Ross Beveridge & Philippe Koch

polity

Copyright © Ross Beveridge & Philippe Koch 2023

The right of Ross Beveridge & Philippe Koch to be identified as Author of this Work has been asserted in accordance with the UK Copyright, Designs and Patents Act 1988.

First published in 2023 by Polity Press

Polity Press65 Bridge StreetCambridge CB2 1UR, UK

Polity Press111 River StreetHoboken, NJ 07030, USA

All rights reserved. Except for the quotation of short passages for the purpose of criticism and review, no part of this publication may be reproduced, stored in a retrieval system or transmitted, in any form or by any means, electronic, mechanical, photocopying, recording or otherwise, without the prior permission of the publisher.

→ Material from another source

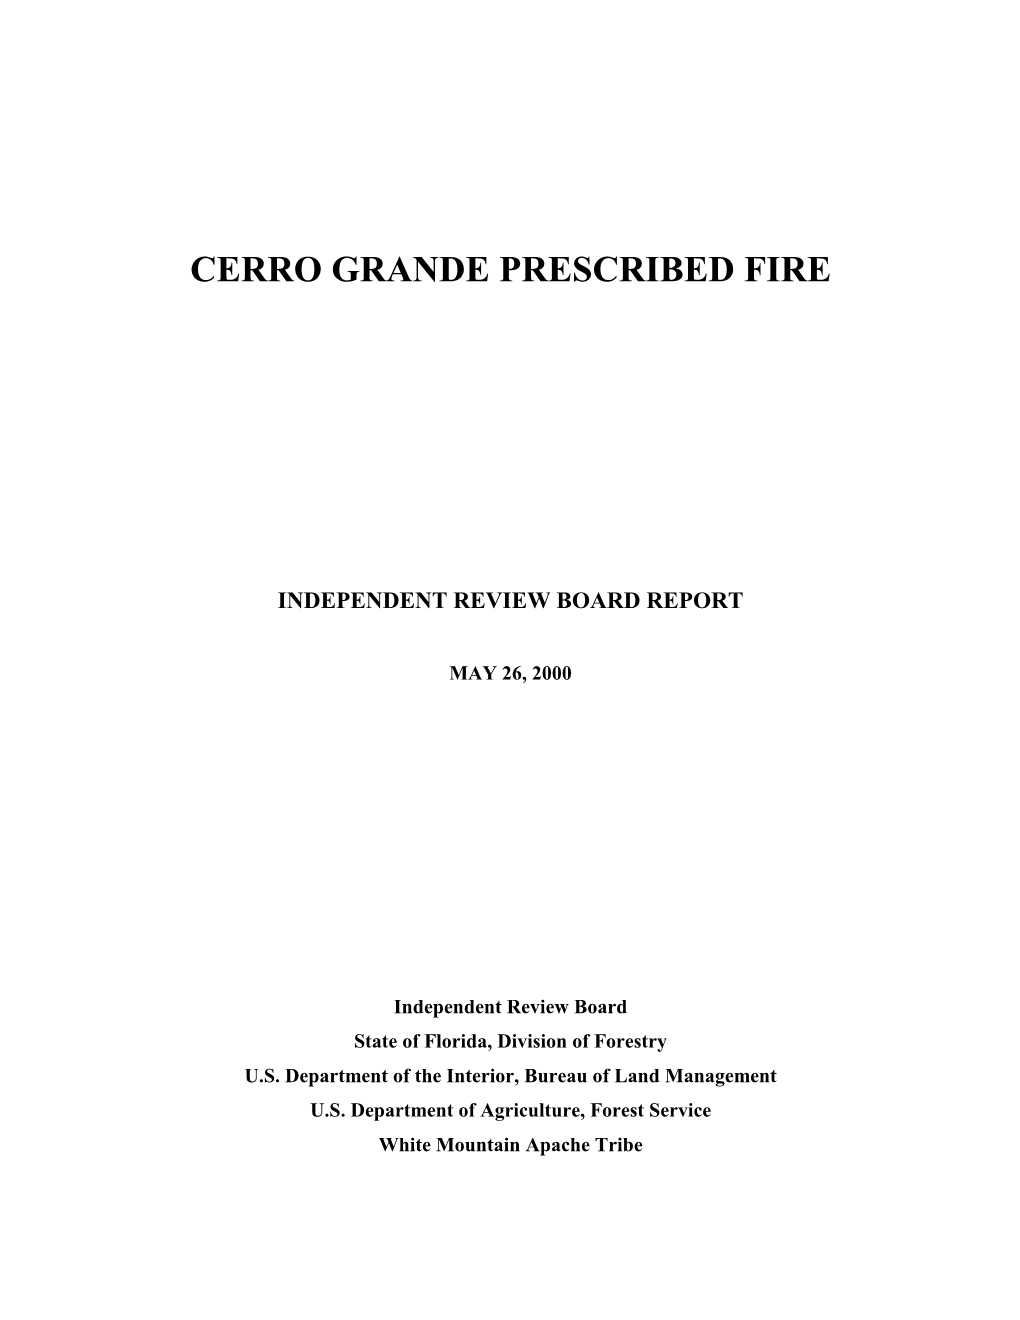 Cerro Grande Prescribed Fire

ISBN-13: 978-1-5095-4600-8

A catalogue record for this book is available from the British Library.

Library of Congress Control Number: 2022935236

The publisher has used its best endeavours to ensure that the URLs for external websites referred to in this book are correct and active at the time of going to press. However, the publisher has no responsibility for the websites and can make no guarantee that a site will remain live or that the content is or will remain appropriate.

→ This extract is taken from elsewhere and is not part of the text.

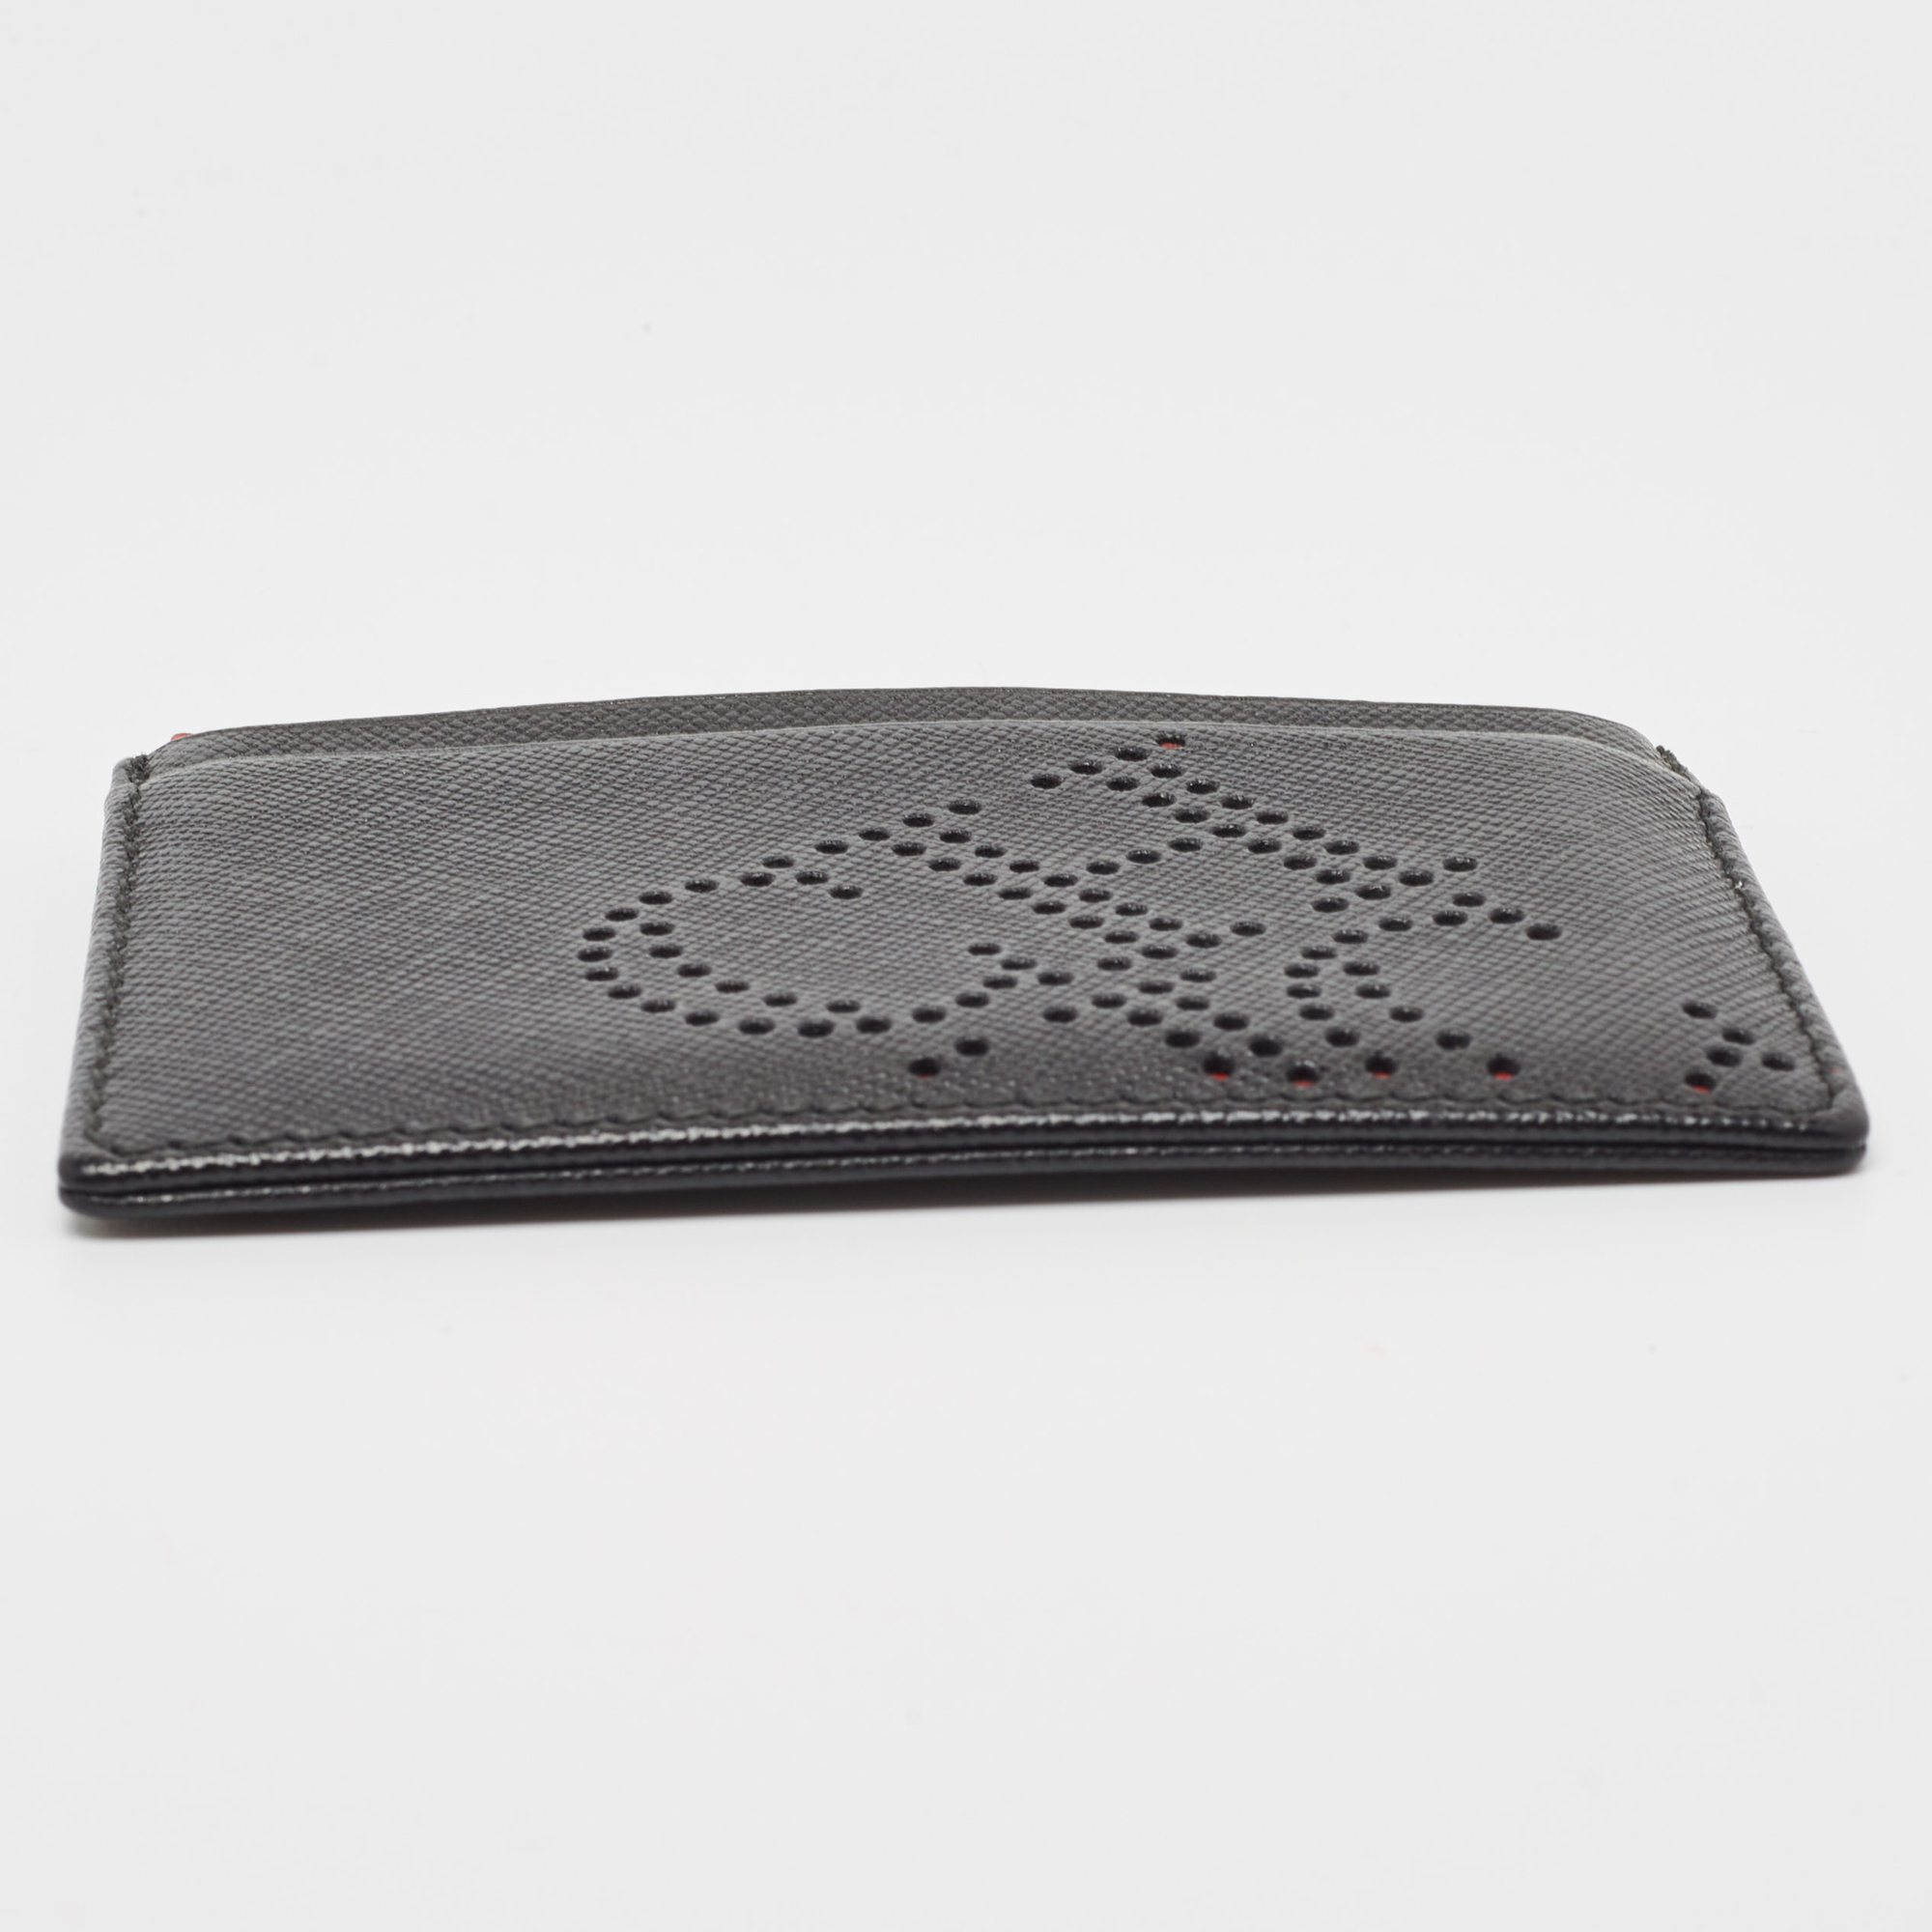 CH Carolina Herrera Black/Red Monogram Perforated Leather Card Holder

Every effort has been made to trace all copyright holders, but if any have been overlooked the publisher will be pleased to include any necessary credits in any subsequent reprint or edition.

For further information on Polity, visit our website:politybooks.com

Acknowledgements

This book project began in earnest in 2019 with the submission of a proposal to Polity Press. Since then, our editor Jonathan Skerrett has been very supportive and very good at asking the right questions at the right times. We thank him, the wider editorial team and the anonymous reviewers. We are also very grateful to Allan Cochrane and Roger Keil for their insightful and encouraging comments on earlier draft versions. Like any co-authored book this project involved a seemingly endless stream of conversations. Because of the pandemic and the distance between our homes, these generally took place on Zoom, with occasional meetings in Berlin, Glasgow, Kassel and Zurich. Workshops on urban austerity politics in Glasgow benefited from generous funding from the University of Glasgow and the Independent Social Research Foundation (ISRF). These were very enjoyable occasions, and we are grateful to all participants, especially co-organizer David Featherstone.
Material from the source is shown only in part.